What has Changed the Supply Chain

Today we went to the University of Nicosia again for lectures on various topics. The first lecture was on the blockchain. Going into this lecture, I had little knowledge of the blockchain. I learned that the blockchain is a data set that can be constantly updated just like any other data set, but where it differs from the standard data set is that every previous version and any addition to it can be seen not only by the company who owns it but by everyone. An example of practical use of blockchain the professor gave was that with email; one can have one regardless of what the companies that own a domain say cause there are many other competitors, or one could make their domain. However, with something like Twitter, if Twitter decides that you should not be on the platform, you won’t be on the forum, and there is no way around it. The blockchain would allow Twitter to become similar to email, where one person or company does not control data distribution, and it breaks a monopoly of sorts.

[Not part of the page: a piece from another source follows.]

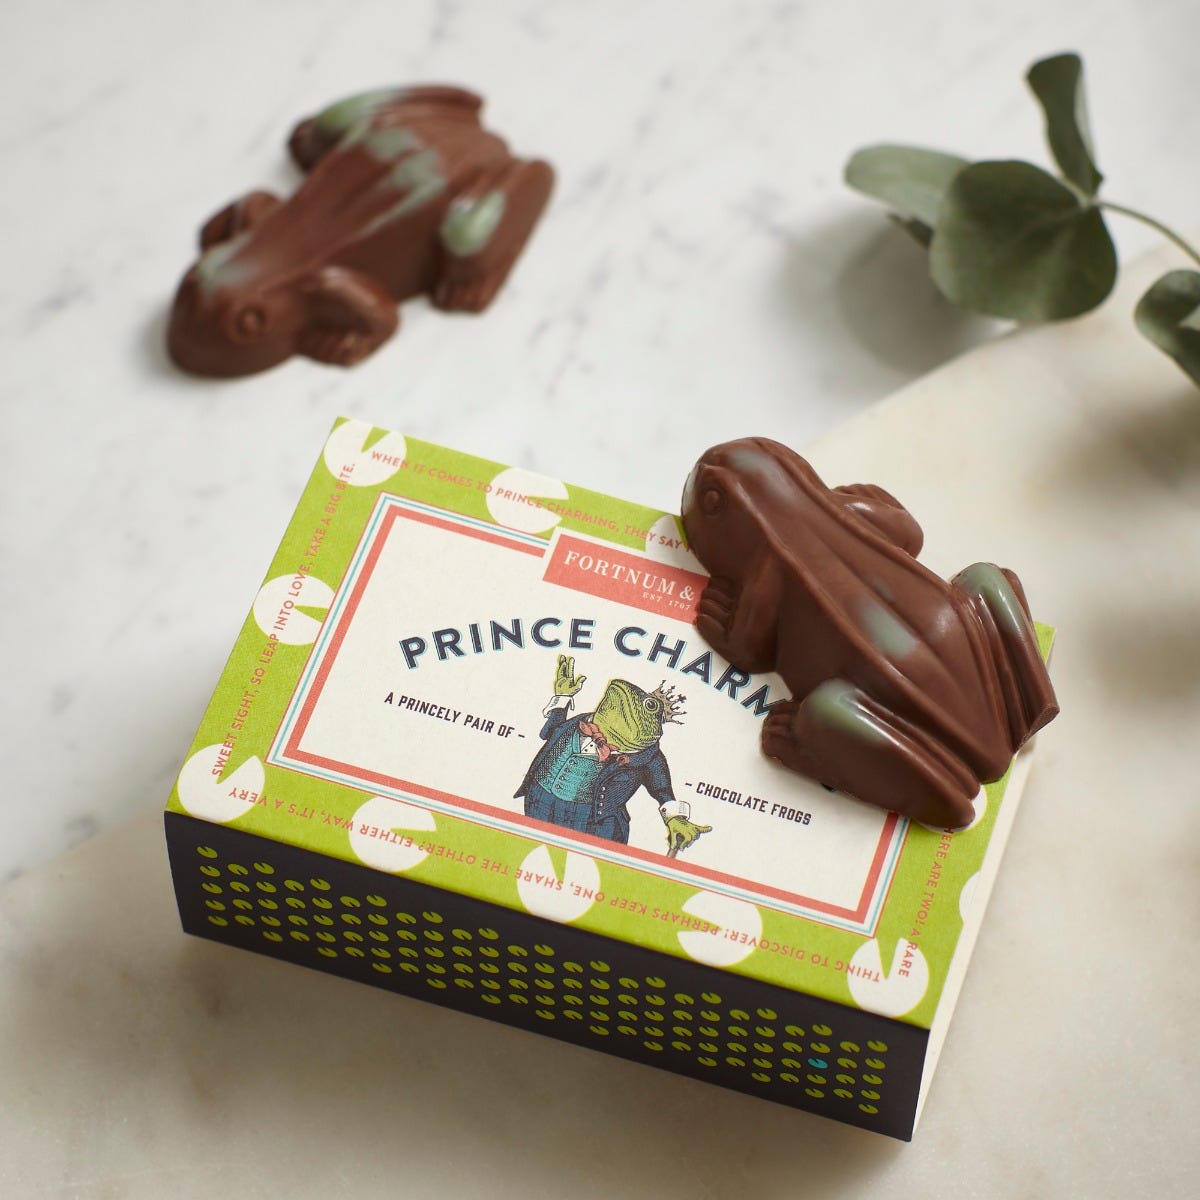 Prince Charming Chocolate Frogs, 30g, Fortnum & Mason

The following lecture we had was on supply chain forecasting. Forecasting is the practice of predicting future demand to increase efficiency. Forecasting has a fascinating history. In 1959 the first forecasting models were made. They were simplistic but very effective in what they did. In the 70s, people started to develop more complex methods of forecasting. These methods would require semester-long classes to teach people, while the ones made in 1959 only took five minutes. There were debates about which models were more effective at forecasting. In the 80s, there was a forecasting competition, and the results were that the simple methods were far more effective at predicting future demands than the complex ones. After this competition, there was another one in the 2000s where human bias was implemented, and the results showed that the simple methods still outperformed the complex techniques and dwarfed the plans with human preferences in them.